Rory Sutherland Rory Sutherland

The myth of the typical Brexit voter

[Getty Images] 
issue 05 February 2022

In Jake’s Thing, Kingsley Amis gave it a name: he called it ‘the inverted pyramid of piss’: ‘One of [Geoffrey Mabbott’s] specialities was the inverted pyramid of piss, a great parcel of attitudes, rules and catchwords resting on one tiny (if you looked long and hard enough) point. Thus it was established beyond any real doubt that his settled antipathy to all things Indian, from books and films about the Raj, to Mrs Gandhi… was rooted in Alcestis’s second husband’s mild fondness for curries.’

It’s high time this phrase was revived, because piss pyramids are everywhere. We assumed more data would help humanity settle its differences: in reality it often exacerbates them. With ever more data, it becomes far easier, even without conscious intent, to find evidence to support your preconceptions. Or to take a meaningless small correlation and build a whole urinary edifice on top.

The truth is that real-world data is almost always messy and contradictory – like life

To be clear, this is what a robust statistical finding looks like. In Doll and Hill’s studies into smoking, after the first ten years of follow-up they reported 4,597 deaths and described an association between cigarettes and lung cancer.
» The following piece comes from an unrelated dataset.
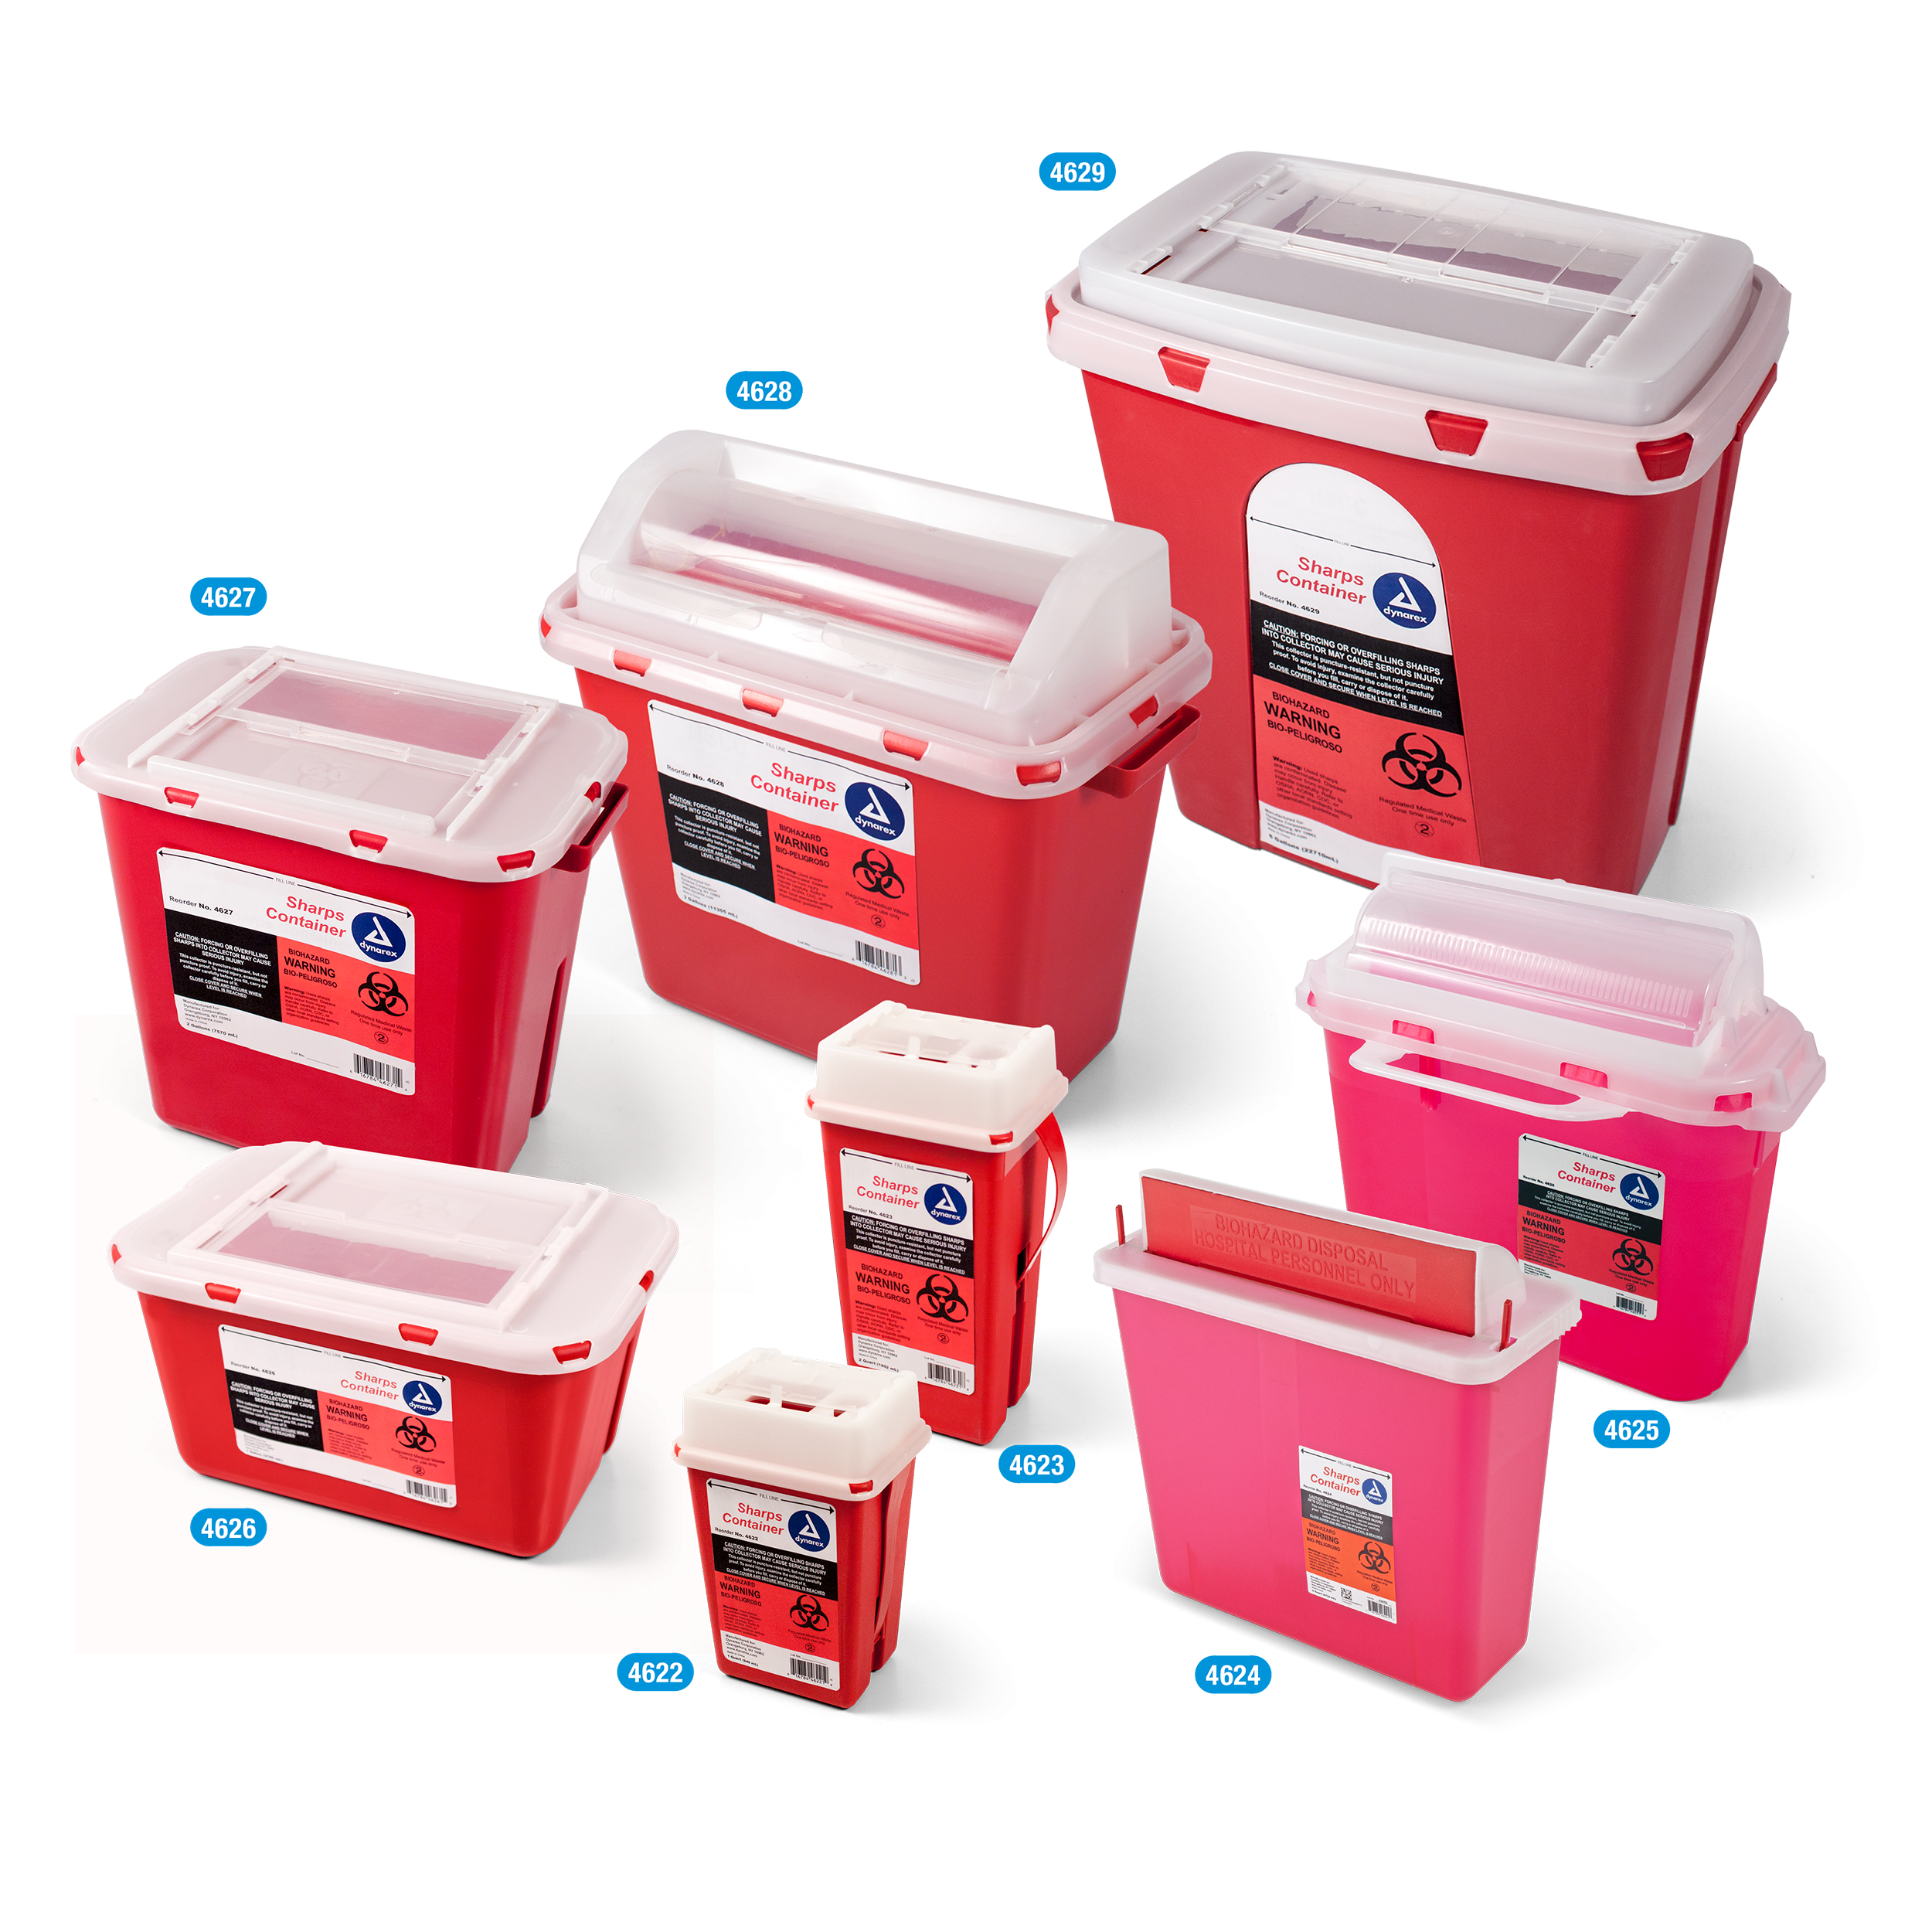 Sharps Containers (4013190840433)

The annual death rate was 0.07 per 1,000 in non-smokers and 3.15 per 1,000 in men smoking 35 or more cigarettes per day.

Now it’s safe to say they were on to something. It’s 0.07 vs 3.15. That’s a 4,400 per cent increase. Yet in the world of narratives there is little distinction made between clear-cut findings such as this and those which show that, ‘after correcting for lifestyle factors’, eating bacon may elevate the risk of X in older Latino women by up to 8 per cent. The facts are different; the story sounds much the same.